Цзинь Гуанъяо не одобрял и был против.
Цзян Чэн плевать хотел.
Поэтому сейчас, собираясь на ночную охоту, он подгонял племянника.
Ночной лес всегда успокаивал. Цзинь Лин молча шагал рядом с луком в руках, впереди резво бежала Фея — подарок Цзинь Гуанъяо, чтобы защищала.
Адепты в белых одеждах предстали на пути. Цзян Чэн и рад был бы пройти мимо, но Лань Ванцзи, ищущий во главе стайки подростков, поклонился ему первый.
Цзян Чэн скрипнул зубами и тоже поклонился. Колкий взгляд Ланя мазнул по коже, выражая неприязнь. Будь они сейчас наедине, Лань Чжань наверняка бы напал на него, желая убить.
Убить убийцу.
Забавно.
— Идём, А-Лин, — Чэн потянул племянника в сторону, и тот неохотно поддался.
Фея облизав, кажется, руки всех адептов клана Лань, пошла следом. Цзинь Лин следовал за дядей неохото, сопя под нос и дуя губы, и как бы Цзян Чэн не старался игнорировать это, мальчишка не прекращал.
— Я хотел остаться с Сычжуем и Цзинъи.
Цзян Чэн покосился на мальчишку через плечо и закатил глаза.
— Лани высокомерны. Не хочу, чтобы ты общался с ними.
Фыркнув, Цзинь Лин поравнялся со старшим.
— Почему ты так не любишь клан Лань? Они же, — мальчишка задумался, — не столь высокомерны, насколько высокомерен ты, дядя.
Фея, шедшая промеж ними, звонко гавкнула и устремилась вперёд. Цзян Чэн бросил недовольный взгляд на племянника.
— Тебе ли рассуждать об этом, мальчишка? Смотришь на Лань Сычжуя, как на божество, и...
— Дядя!
Цзян Чэн громко усмехнулся.
— От чего такое волнение, А-Лин? Ты уже достаточно взрослый для таких дел. Быть может, — старший омега поднёс палец к губам и задумчиво постучал по ним, — сосватать тебя?
Вспыхнувшее лицо наследника Цзинь выглядело донельзя смешно, поэтому Цзян Чэн не сдержал смеха, на что мальчишка возмущённо вздернул руками.

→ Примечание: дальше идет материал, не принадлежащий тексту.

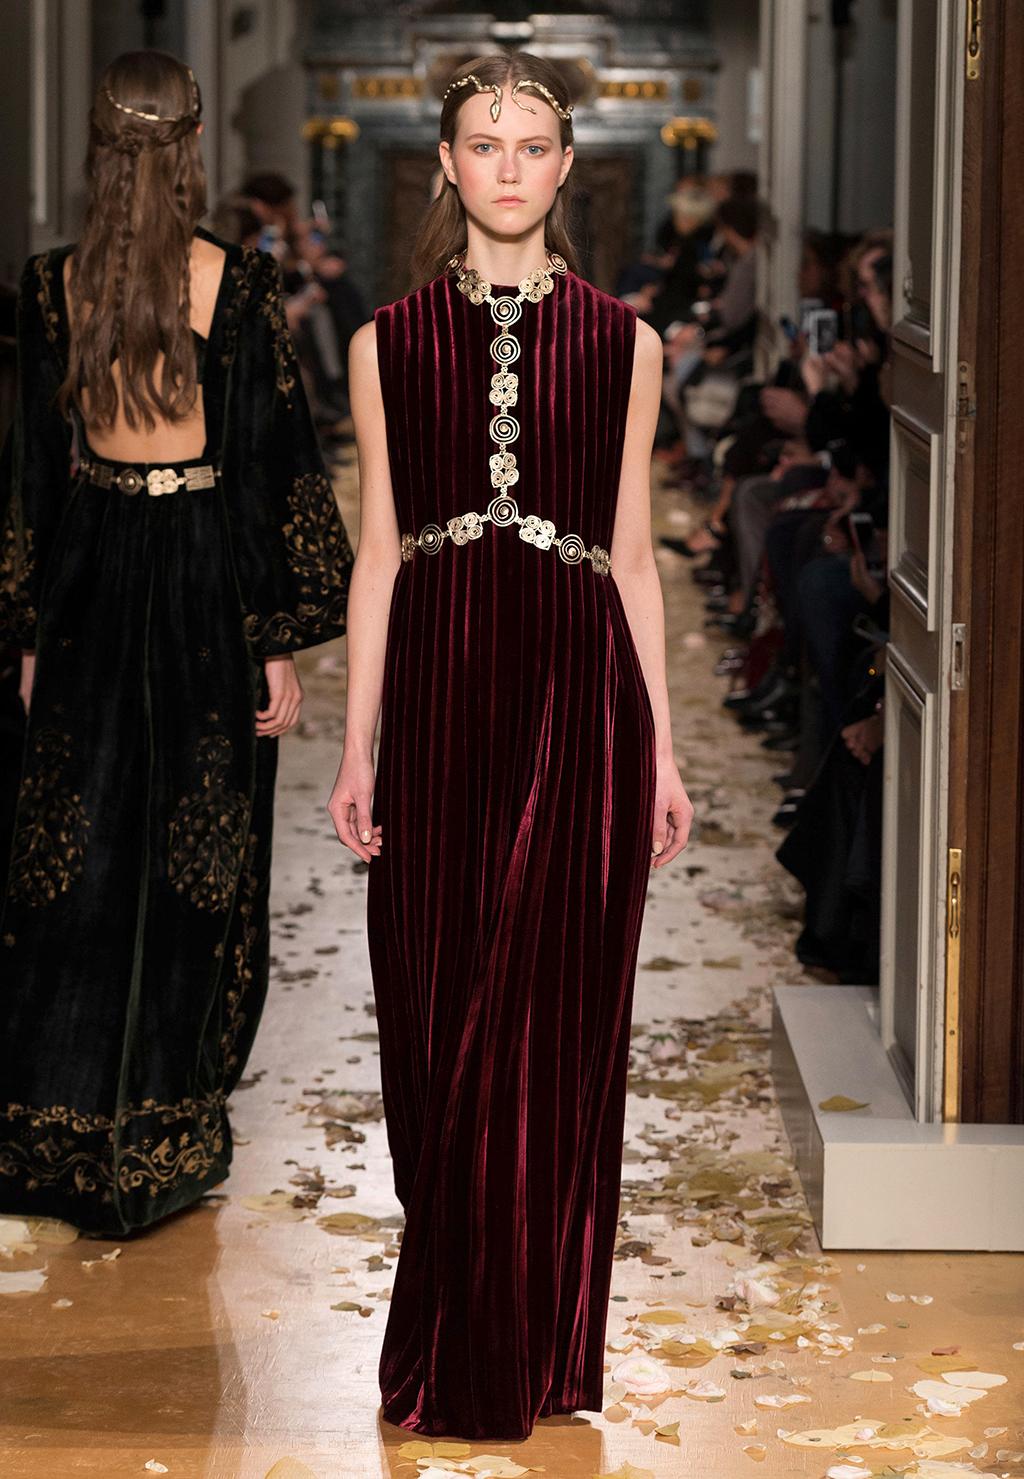 Valentino-Couture-Silhouette-11

— Дядя! — снова недовольно бросил он. — Ты не выносим! Фея?! Фея, мы уходим!
Собака белым вихрем помчалась за Цзинь Лином под несмолкаемый смех его дяди.
Вопреки всем шуткам, Цзян Чэн думал о сватовстве. Цзинь Лин взрослел, мужал, и как бы не хотел этого признавать, нуждался в поддержке. Он был наследником двух кланов, с дядями-главами, но он был омегой. Цзян Чэн не хотел спешить со сватовством, нет. Но уже присматривался с талантливым адептам из клана Цзян. Хотелось видеть рядом с А-Лином достойного, сильного, готового терпеть все выходки мальчишки, альфу.
В тишине ночного леса было приятно прогуливаться. Цзян Чэн задумчиво шёл между деревьями, прислушиваясь к каждому звуку. Последние дни охота не была столь удачна, как раньше, в те времена, когда был жив Вэй Ин. Тот мастерски умел найти неприятности на свою голову, и Цзян Чэну, как старшему м более ответственному, приходилось с этим разбираться.
Тихие шаги вырвали из мыслей. Белоснежные одежды неожиданно предстали перед глазами, и Цзян Ваньинь замер, смотря на возникшего перед ним Лань Сичэня. Тот медленно поклонился ему, и Цзян Чэн неловко склонился в ответ, чувствуя растерянность и в тоже время сильнейшую напряжённость.
С момента встречи в Башне Кои прошло порядка полугода.
— Глава Цзян, — произнёс Сичэнь ровным голосом, складывая руки за спиной, — не ожидал встретить Вас.
Вас.
Холодный тон неприятно касается кожи, на что Цзян Чэн натянуто улыбается, чувствуя, как сердце начинает стучать быстрее.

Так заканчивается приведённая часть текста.